Looping through items and saving to .xlsx file, only saves the last value using web scraping?

时间:2017-01-15 12:27:29

标签: python excel web-scraping openpyxl

I am very new to python. Trying to learn as much as I can while doing projects to maintain interest levels.

In the code below, I am trying to scrape information from a website and get all the Company names and address etc into an excel file. I think I need to define how the excel rows and columns need to be assigned for each of the iterations/companies. I am just drawing a blank on how exactly to go about it.

import requests, os
from bs4 import BeautifulSoup
from openpyxl import Workbook
from openpyxl import load_workbook


url = "https://dir.indiamart.com/search.mp?ss=Power+Distribution+Transformers"
r = requests.get(url)

soup = BeautifulSoup(r.content)

links = soup.find_all("a")

for link in links:
    print("<a href='%s'>%s</a>" % (link.get("href"), link.text))
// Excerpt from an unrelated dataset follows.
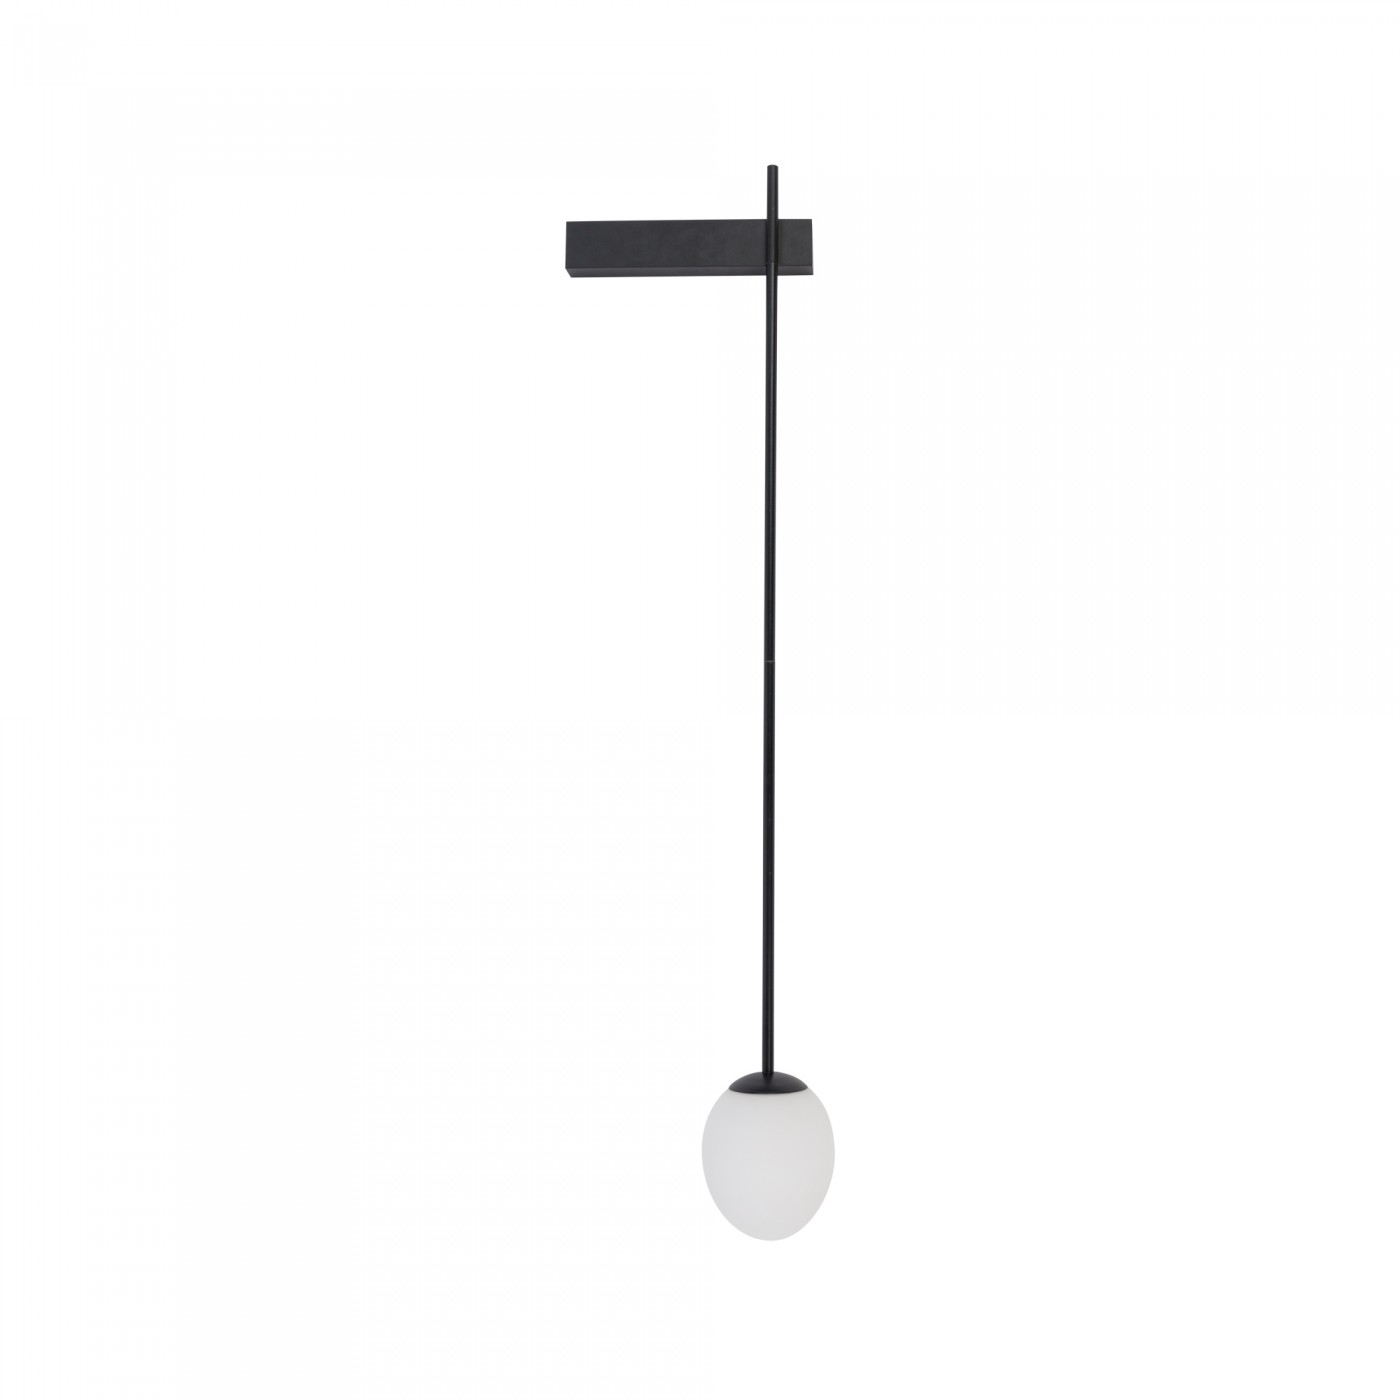 ICE EGG B black 8125 Nowodvorski Lighting
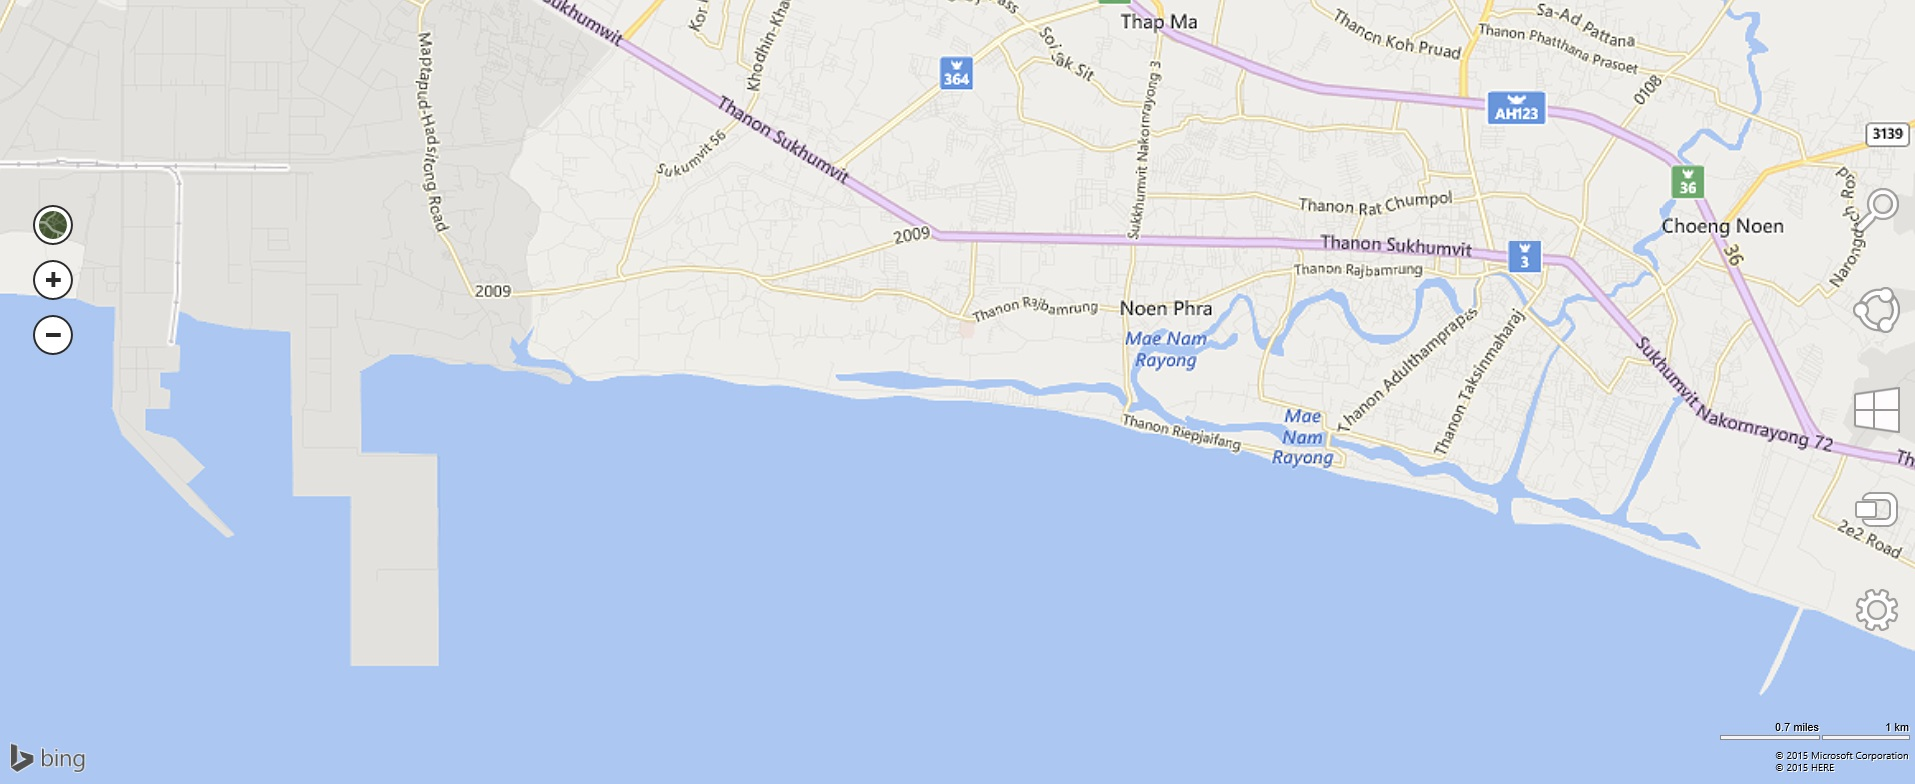 Coast of Mapta Phut Rayong Province of Thailand Revolution myself

g_data = soup.find_all("div", {"class": "nes"})

c = []
d = []
for item in g_data:
    c.append(item.contents[3].text)
    d.append(item.contents[1].text)
    wb = load_workbook("Trial.xlsx")
    ws1 = wb.get_sheet_by_name("Sheet1")
    for i in c:
        ws1["A2"] = i
        wb.save("Trial.xlsx")
        for x in d:
            ws1["B2"] = x
            wb.save("Trial.xlsx")

1 个答案:

答案 0 :(得分:1)

import requests, bs4, re, csv

url = 'https://dir.indiamart.com/search.mp?ss=Power+Distribution+Transformers'
r = requests.get(url)
soup = bs4.BeautifulSoup(r.text, 'lxml')
blocks = soup.find_all('div', class_='lst')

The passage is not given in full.